Dataset excerpt -
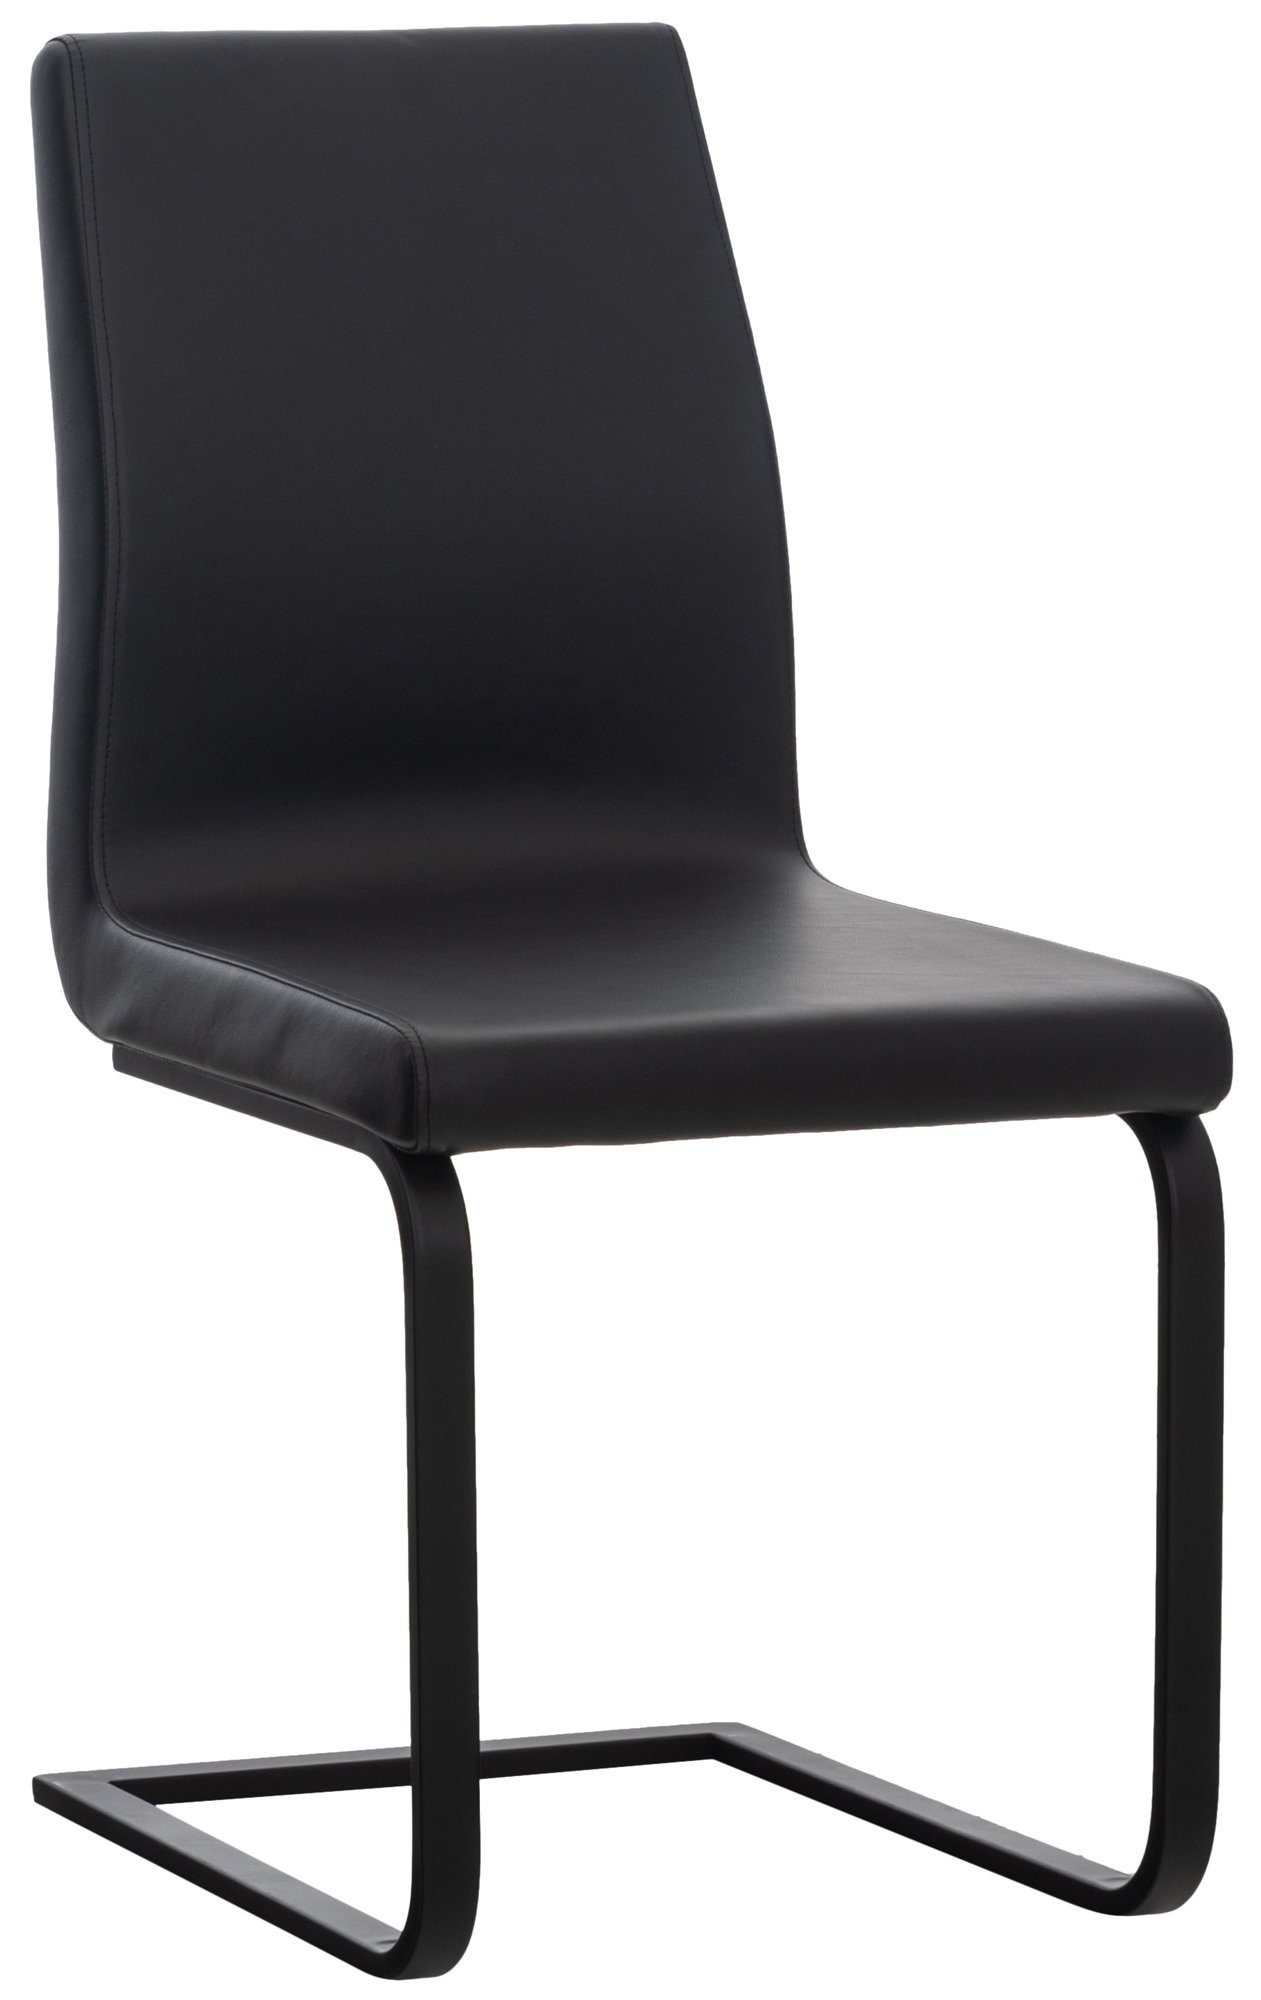 TPFLiving Esszimmerstuhl Bellle mit hochwertig gepolsterter Sitzfläche - Konferenzstuhl (Küchenstuhl - Wohnzimmerstuhl - Freischwinger), Gestell: Metall matt schwarz - Sitzfläche: Kunstleder schwarz
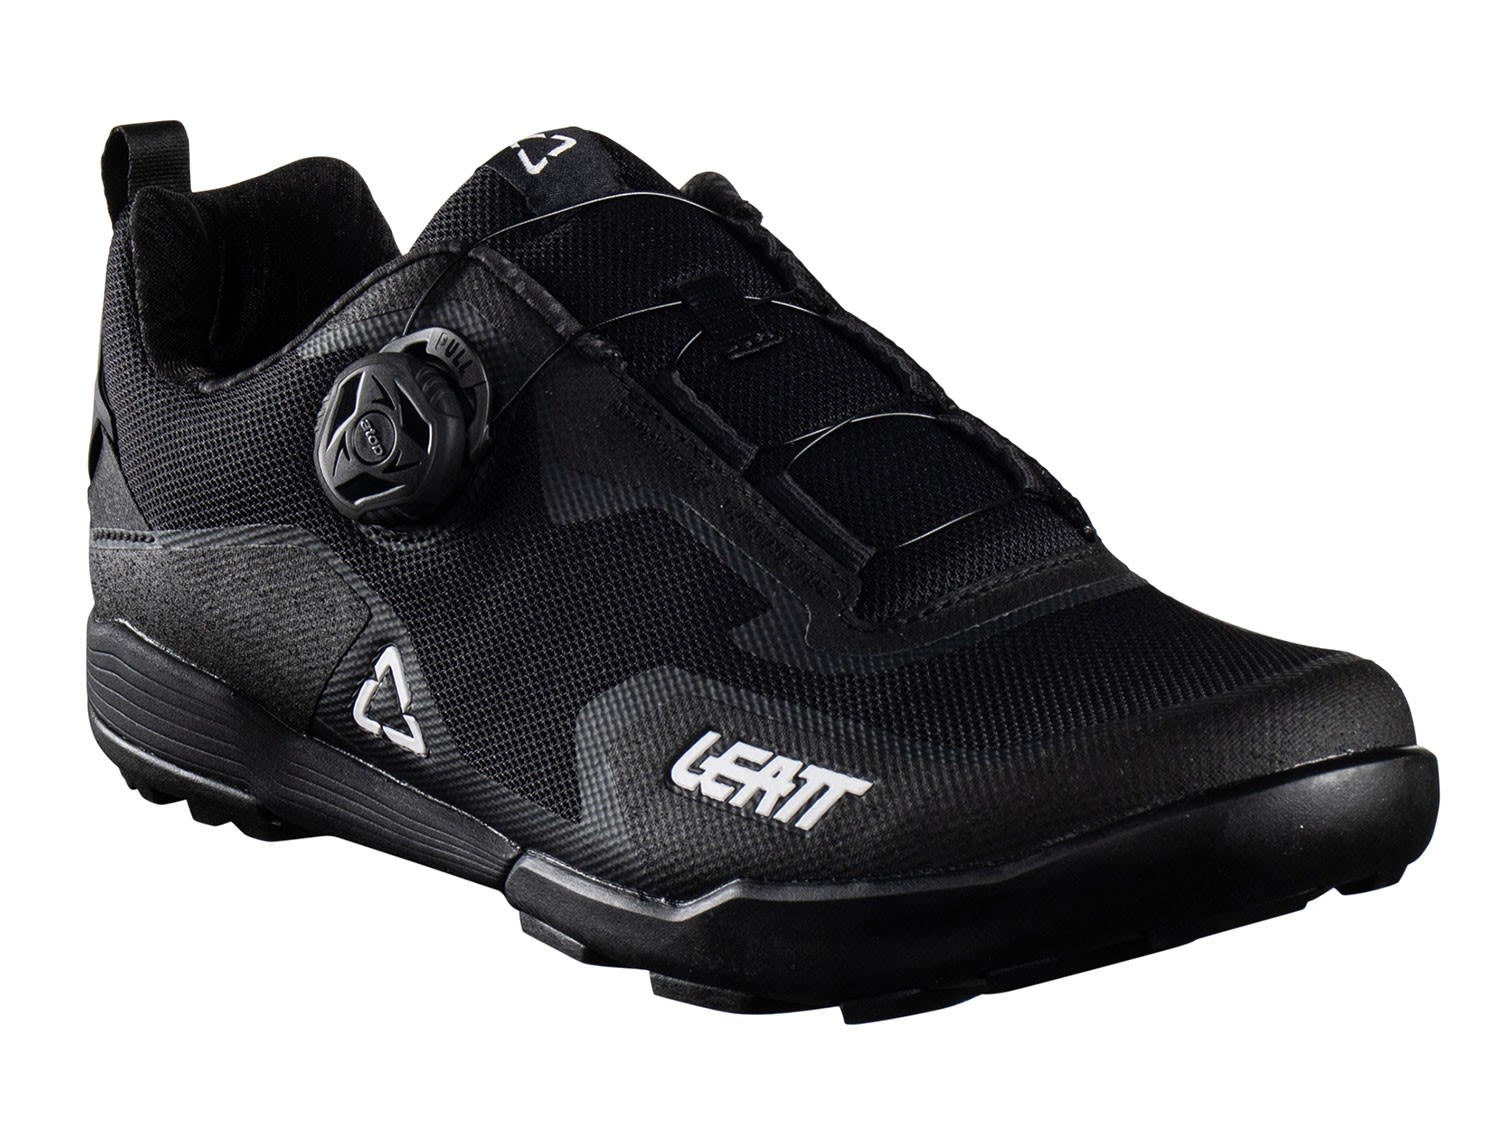 Leatt 6-0 Klickpedal Shoe Schwarz- All-Mountain-Trekking- Grsse EU 40 - Farbe Black unter Leatt
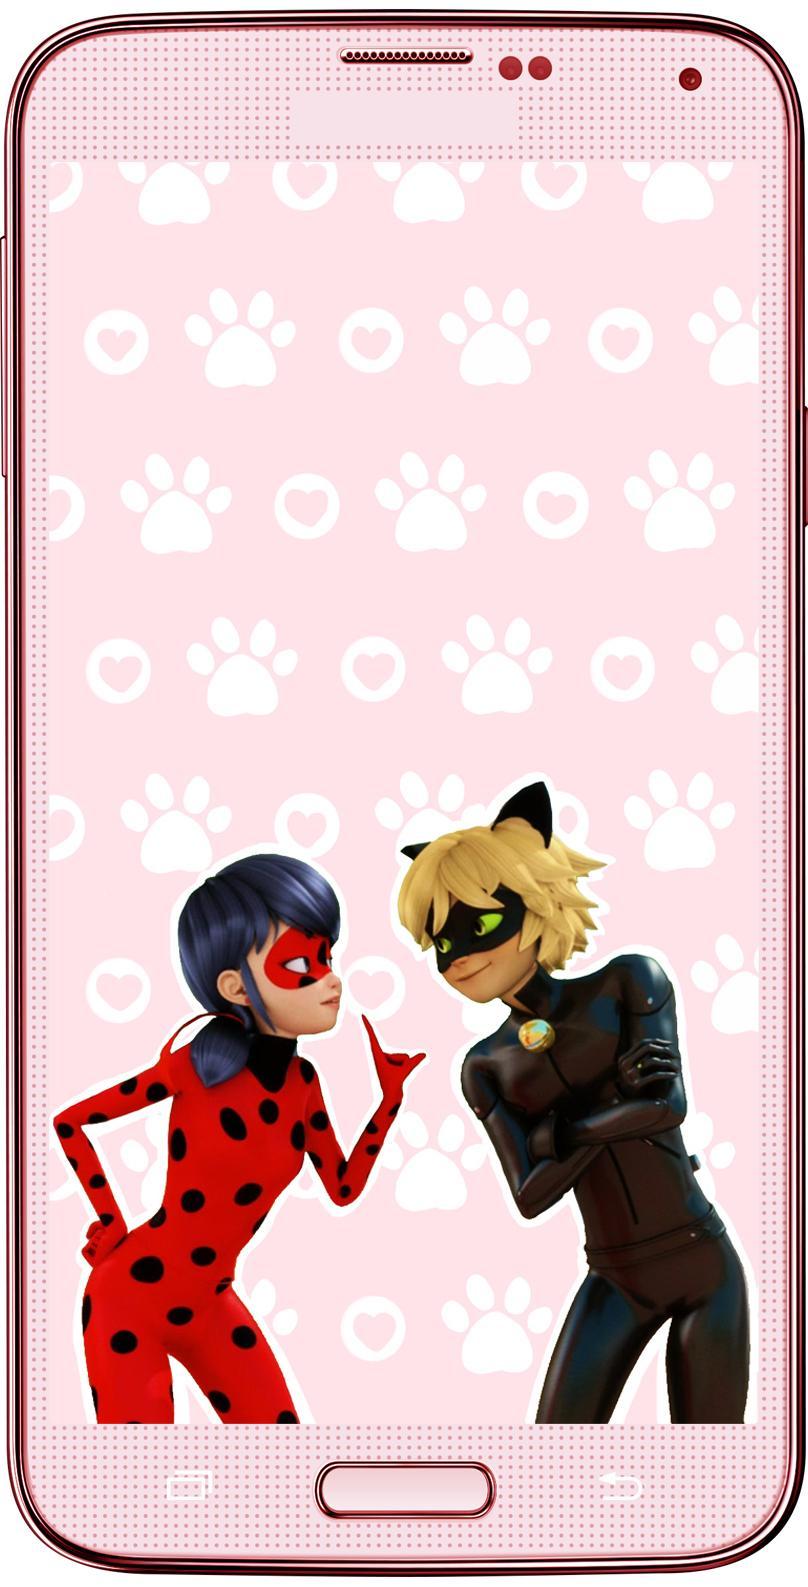 Download do APK de Papéis de parede Ladybug & Cat Noir para Android
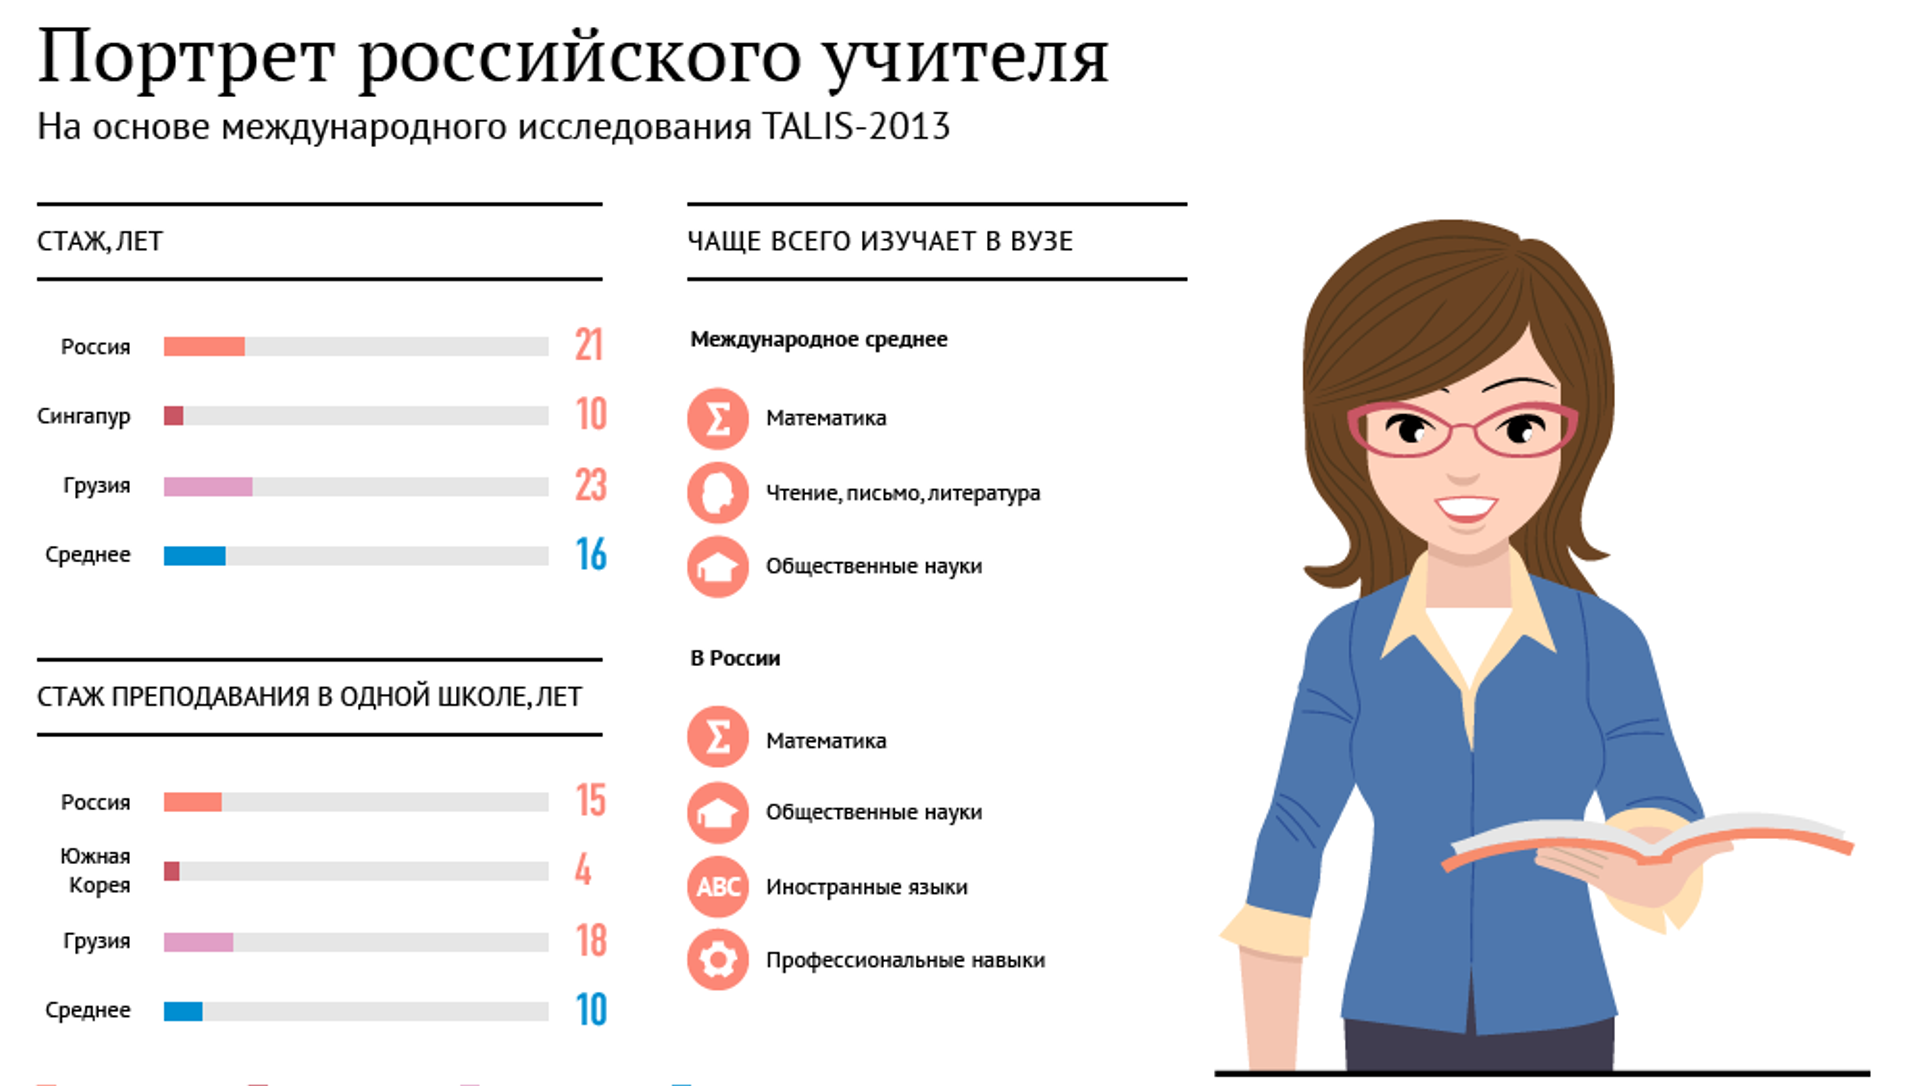 Социальный портрет российского учителя

What this task involves - Please output the listing above in full, exactly as given, without its images.

Response for this exercise -
 TPFLiving Esszimmerstuhl Bellle mit hochwertig gepolsterter Sitzfläche - Konferenzstuhl (Küchenstuhl - Wohnzimmerstuhl - Freischwinger), Gestell: Metall matt schwarz - Sitzfläche: Kunstleder schwarz
 Leatt 6-0 Klickpedal Shoe Schwarz- All-Mountain-Trekking- Grsse EU 40 - Farbe Black unter Leatt
 Download do APK de Papéis de parede Ladybug & Cat Noir para Android
 Социальный портрет российского учителя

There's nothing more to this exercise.